Mengapa Remaja Terlibat Tindak Kriminal?


Banyak alasan mengapa orang terlibat tindak kriminal. Di negara-negara berkembang, faktor ekonomi menjadi alasan terkuat. Bagi remaja, proses pencarian jati diri bisa menjadi faktor pendukung. Tahukah Anda bahwa ada alasan unik lain? Timothy Brezina dan Volkan Topali dari Georgia State University Criminal Justice dan ekonom Erdal Tekin berpendapat bahwa semakin tinggi kecenderungan remaja berpikir bahwa mereka akan mati muda, makin tinggi pula kecenderungan mereka untuk terlibat dalam aktivitas kriminal dan kekerasan. Mereka menjelaskan bahwa meskipun kriminal muda menyadari resiko cedera, kematian, atau hukuman, kemungkinan rentang hidup yang lebih pendek mendorong mereka untuk berfokus pada "di sini dan sekarang" (here and now). Oleh karena itu, mereka cenderung terlibat aksi kriminal jika berpikir mereka akan mati. Hal ini bertentangan dengan apa yang selama ini dipikirkan orang bahwa kebanyakan orang yang berpikir bahwa dia akan mati akan depresi dan tidak akan melakukan tindak kejahatan.

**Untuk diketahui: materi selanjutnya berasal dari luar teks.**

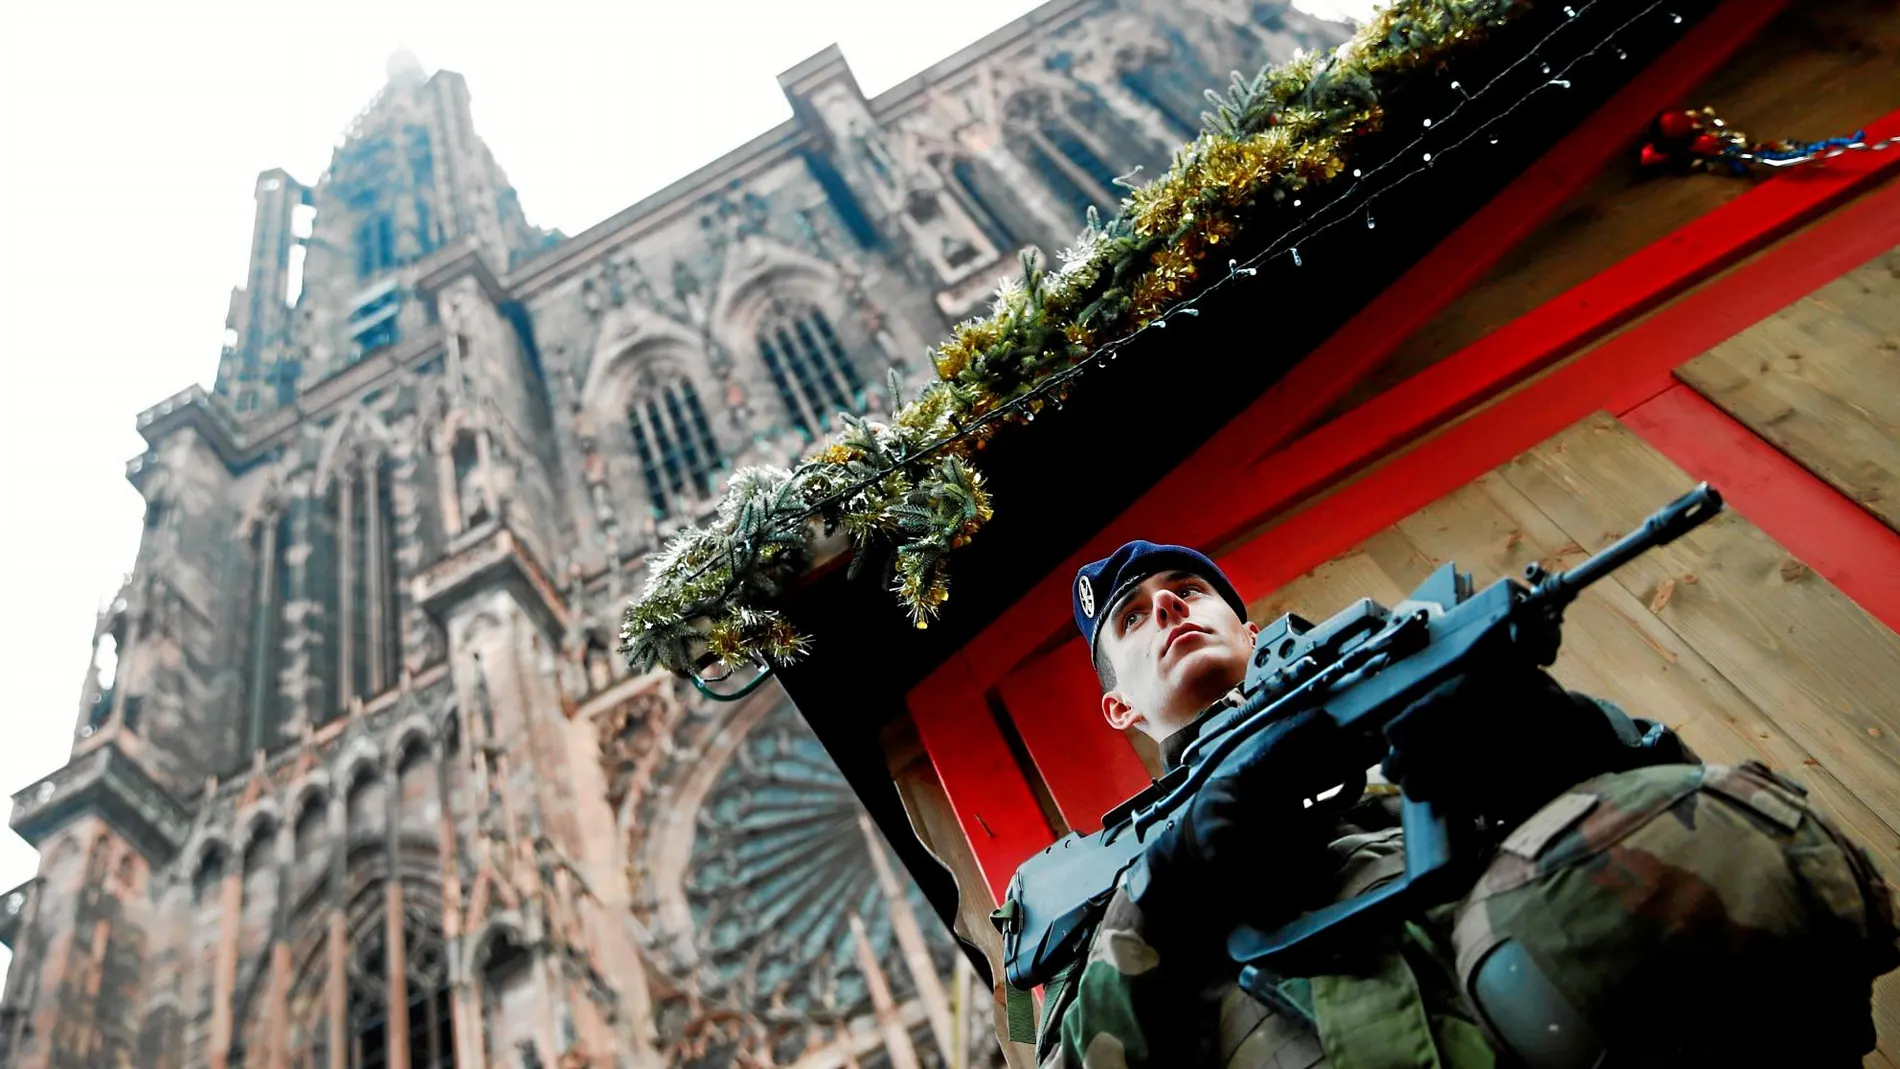 Un soldado monta guardia cerca de uno de los puestos navideños levantados junto a la catedral de Estrasburgo

Wawancara dengan tersangka

Para peneliti mewawancarai lebih dari 30 tersangka muda di beberapa tetangga negara bagian Atlanta, khususnya berfokus pada Central West Atlanta di mana terdapat komunitas yang mengalami kejahatan jalanan serius, penjualan obat-obatan dan kekerasan remaja yang tinggi. Wawancara berlangsung sekitar 45 sampai 120 menit dan berfokus pada persepsi partisipan terhadap resiko, dengan mencakup resiko cedera, kematian dini, dan di masa akan datang dan bagaimana persepsi ini mempengaruhi sikap dan perilaku mereka terhadap tindakan pelanggaran.
Brezina mengatakan bahwa banyak yang telah ditembak atau ditikam dan menimbulkan luka yang tampak merupakan trauma fisik. Mereka juga mengalami apa yang kriminolog katakan sebagai pandangan "koersif" - di mata mereka, mereka berada dalam dunia "saling memakan" di mana penggunaan kekerasan diperbolehkan jika diperlukan untuk mengintimidasi orang lain dan mencegah diri menjadi korban. Pandangan ini dan rasa hampa masa depan dari para pelaku remaja telah dibentuk oleh memori-memori masa lalu dan diperkuat oleh orang lain di kehidupan mereka dan kesaksian terhadap kekerasan, tutur Topalli. Mereka hidup di negara bagian yang mirip dengan zona perang, tumbuh dengan mendengar tembakan senjata, melihat orang mati dan mendengar ambulan dan mobil polisi. Hampir setiap remaja yang diwawancarai telah melihat jenazah, dan entah karena ditembak senjata atau dibunuh dalam konteks lain. Mayoritas mereka tidak ingin mati muda, tetapi mengalami ilusi bahwa mereka akan mati dan hal ini diperkuat oleh budaya.

Kekerasan bukan solusi
Brezina mengatakan bahwa tampaknya perlakuan hukuman yang keras tidak akan merubah tersangka yang tidak punya rasa takut. Mereka berasumsi bahwa hidup ini singkat dan rela menerima resiko yang berhubungan dengan gaya hidup kriminal, bahkan kematian sekalipun. Sebuah pendekatan alternatif yang dapat dilakukan adalah dengan mengkonfrontasi kekerasan pervasif dan penyakit sosial lainnya yang seringkali dihadapi anak dalam kehidupan mereka sehari-hari - kondisi yang menurunkan harapan dan menyuburkan kejahatan.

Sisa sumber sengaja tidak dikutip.